I stood in the self-checkout line at Target. There was an adorable, squishy baby sitting in the cart in front of me, an 18-month old it turns out. She was babbling and smiling and looking sparkly in that particular way that bald-headed babies have. She kept staring at me and I kept smiling at her. As her mom absent-mindedly handed her a veggie straw, I looked past this sweet baby, right at my own sweet baby.
2009 (18 months) and now (14 years) |
But damn I miss the days when I could plop her in the front of a cart and pick out her cute little swim suits and hold her close.
Parenting teenagers is hard. Harder than I expected. I'm a high school teacher; I get teenagers. But when they're your own, it's just different. I called my mom today to talk to her about a couple things I'm worried about and before I knew it, I was crying. I haven't cried to my mom about parenting since they were busy toddlers.
Somehow, everything feels so Important right now. I've got four years left to impart the lessons and the values and the confidence and the relationships and the study habits and the self-reliance and the...

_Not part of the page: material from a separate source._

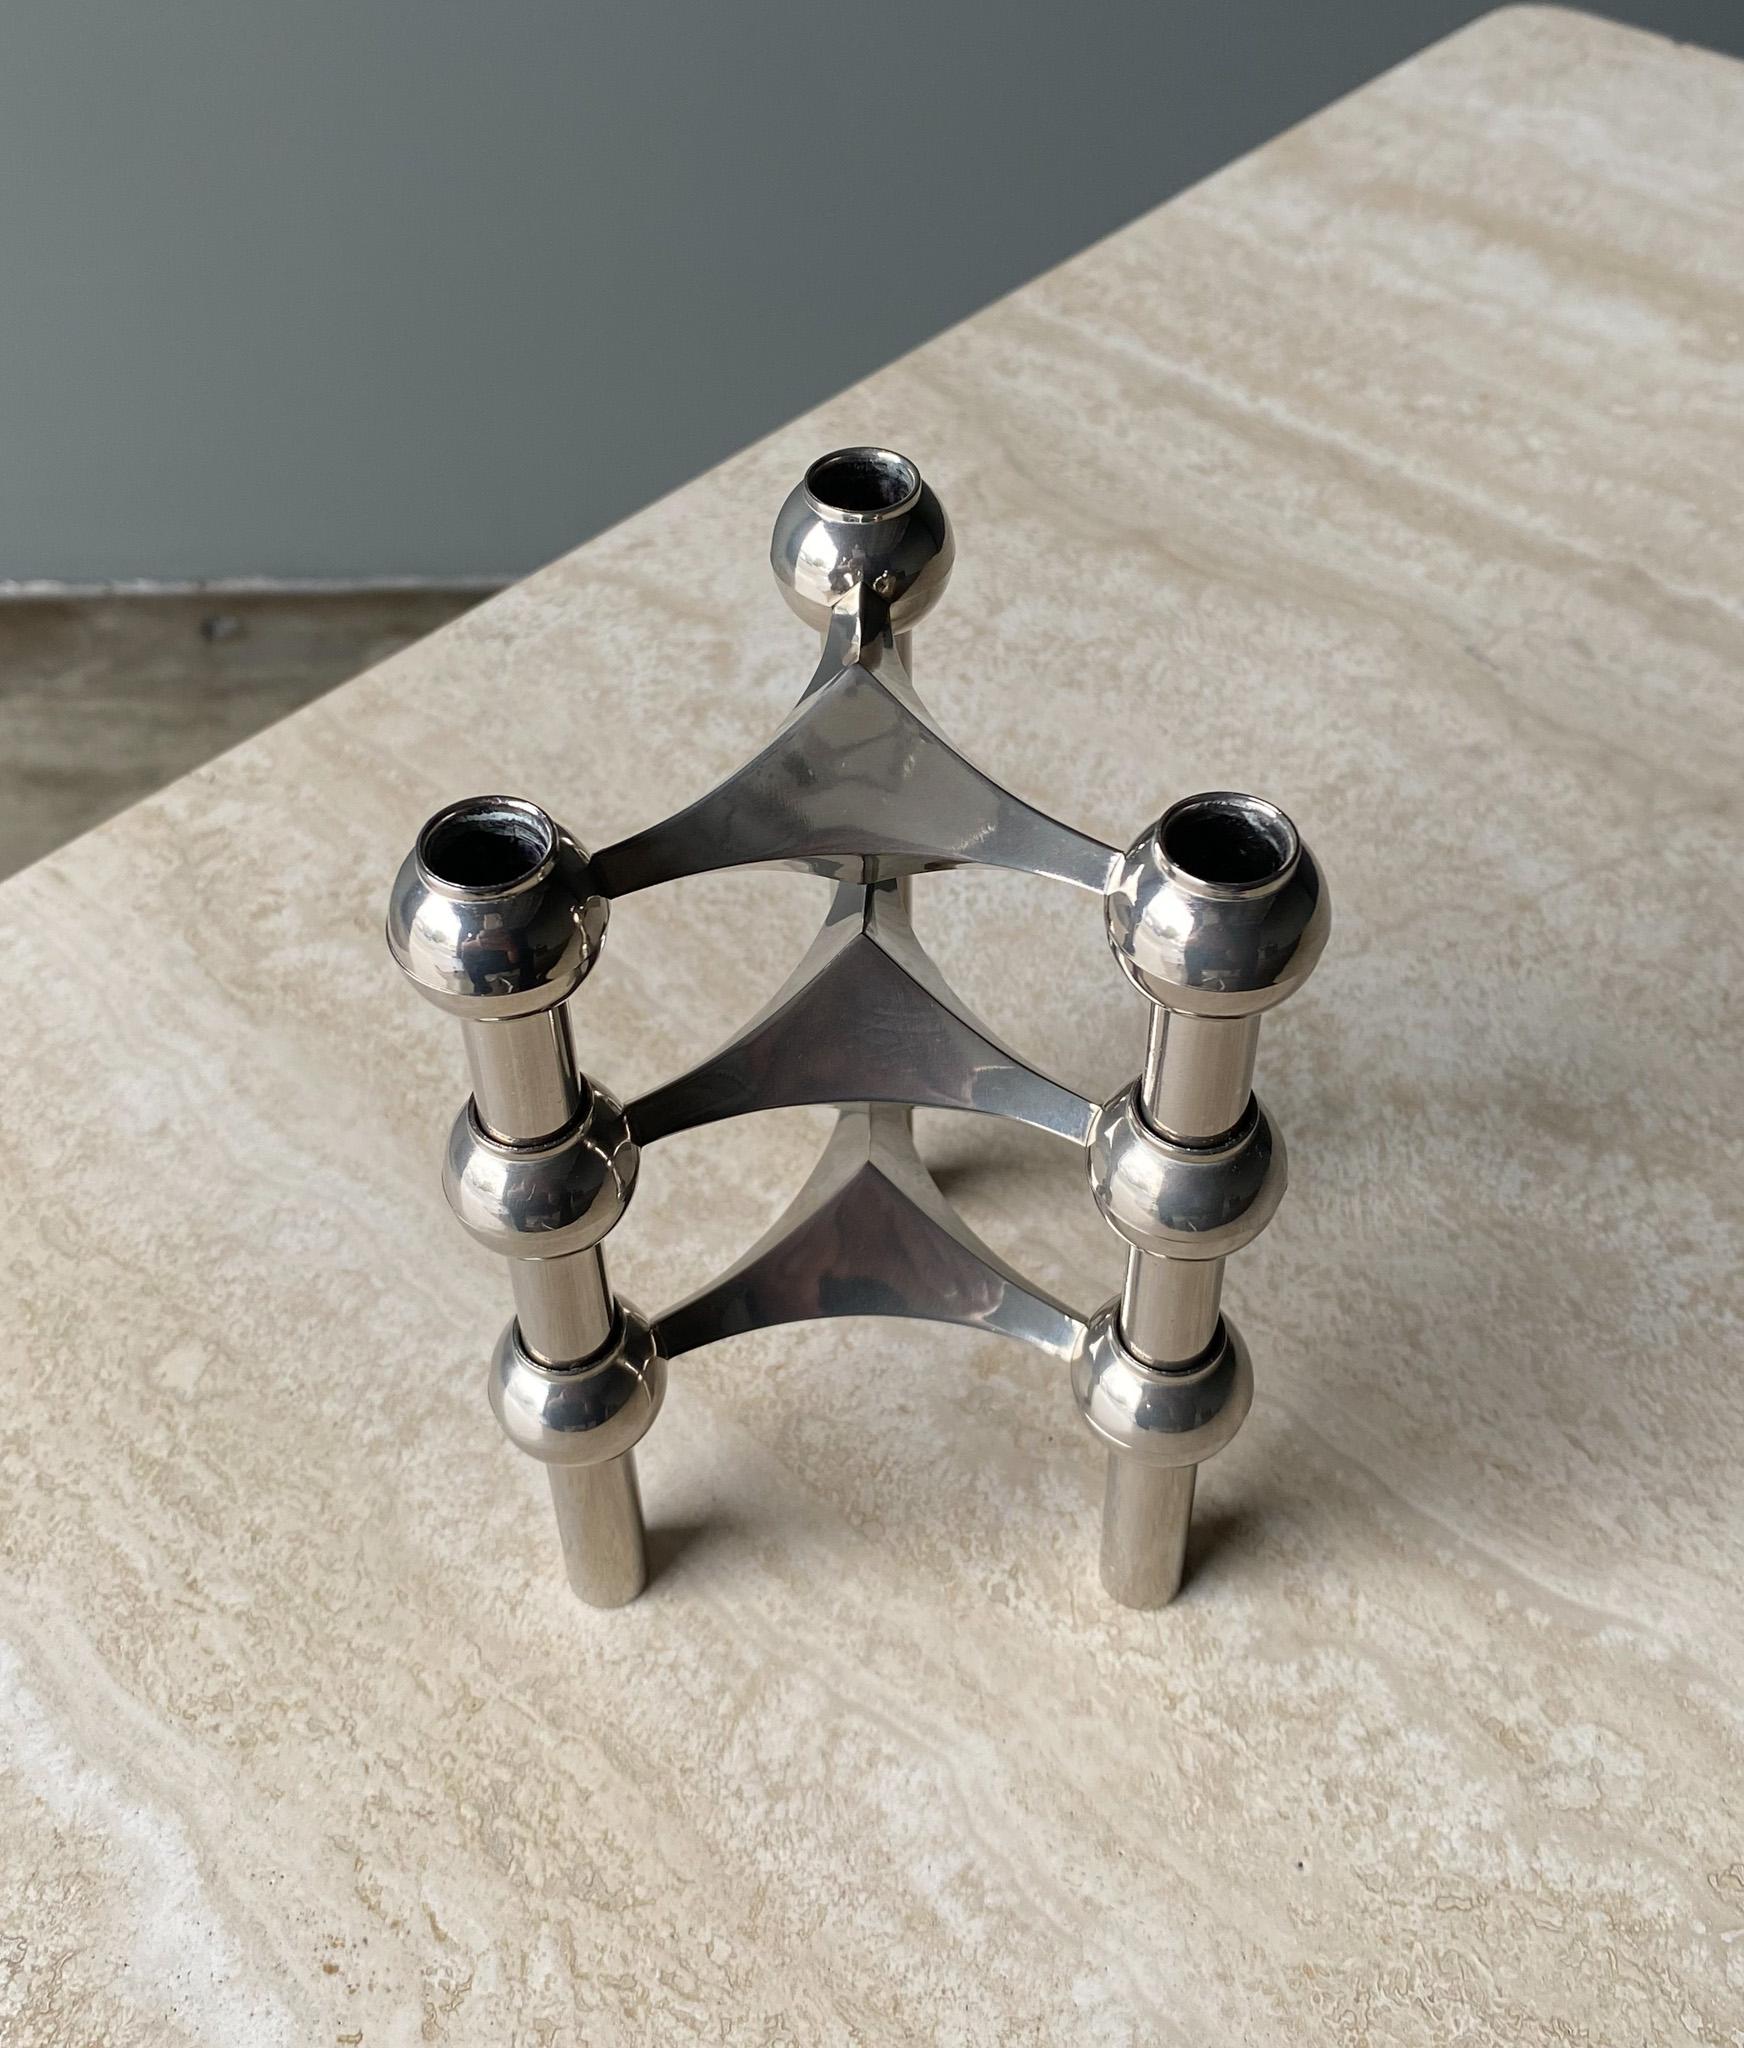 Stoff Nagel Candleholder Designed by Werner Stoff for Metalworker Hans Nagel 6
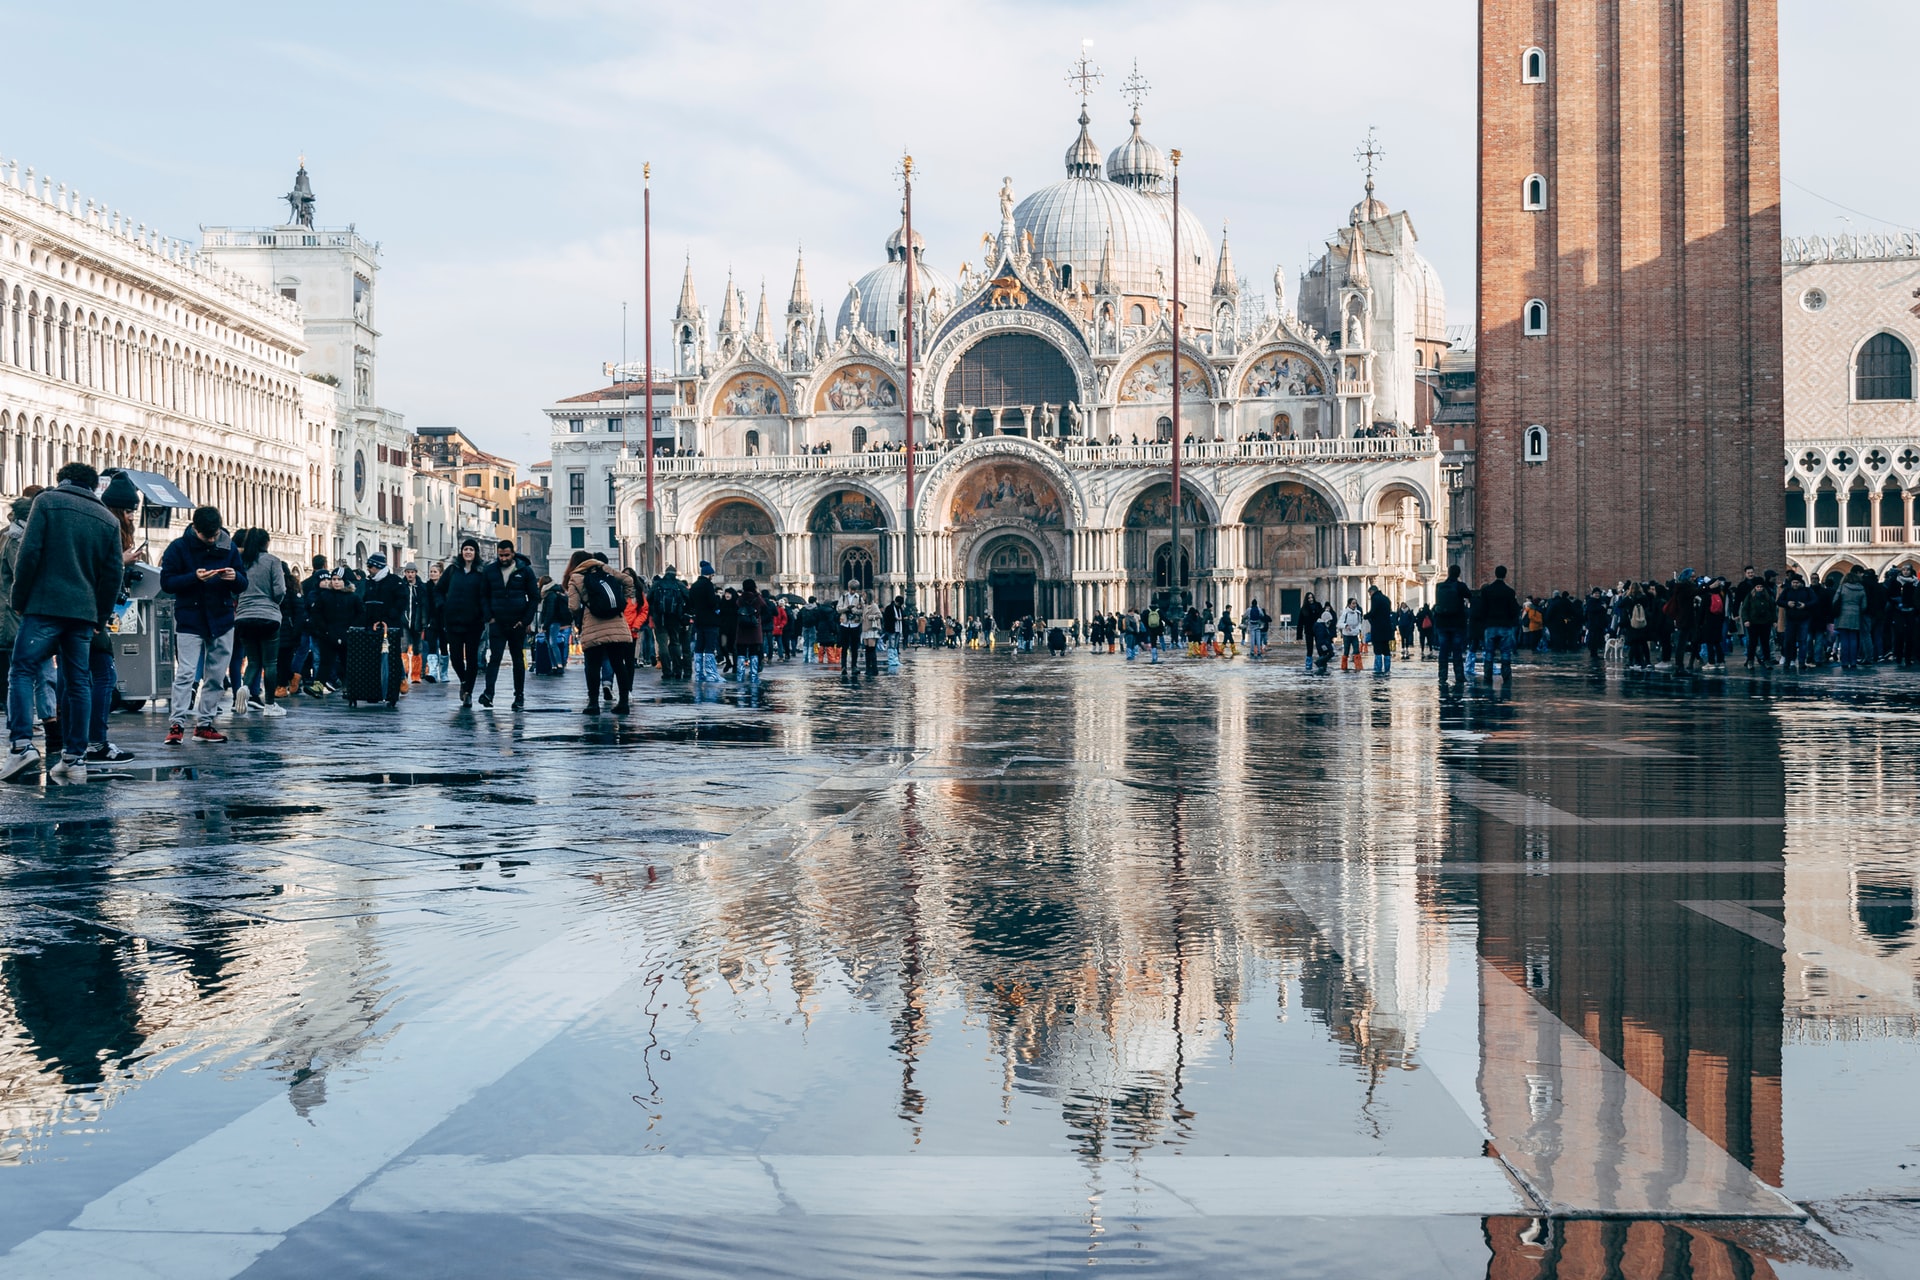 Sede de algunas de las atracciones turísticas más visitadas de Venecia, San Marco es el sestiere veneciano por excelencia y la mejor zona donde alojarse en Venecia para estar cerca de todo

You see what I mean? I know that realistically Greg and I have been working on these things all along. Of course we have. But somehow it felt easier when they were underfoot all the time (if you are a parent of toddlers, I know that sentence makes you want to punch me in the face. I get it). Now, they spend hours (days) in their bedrooms. I have to bribe them to go get ice cream with me. They do their own laundry, make their own meals, and have whole lives apart from us. As they should.
I'm left cherishing the moments. Reminding myself to listen on the rare occasions they feel like blabbing (even if it's in the middle of the show I'm watching). I want to press pause because in six months they'll have their temps, and then their license and I know it's just going to be on warp speed from there.
Luckily, I still have Justin. And the dog.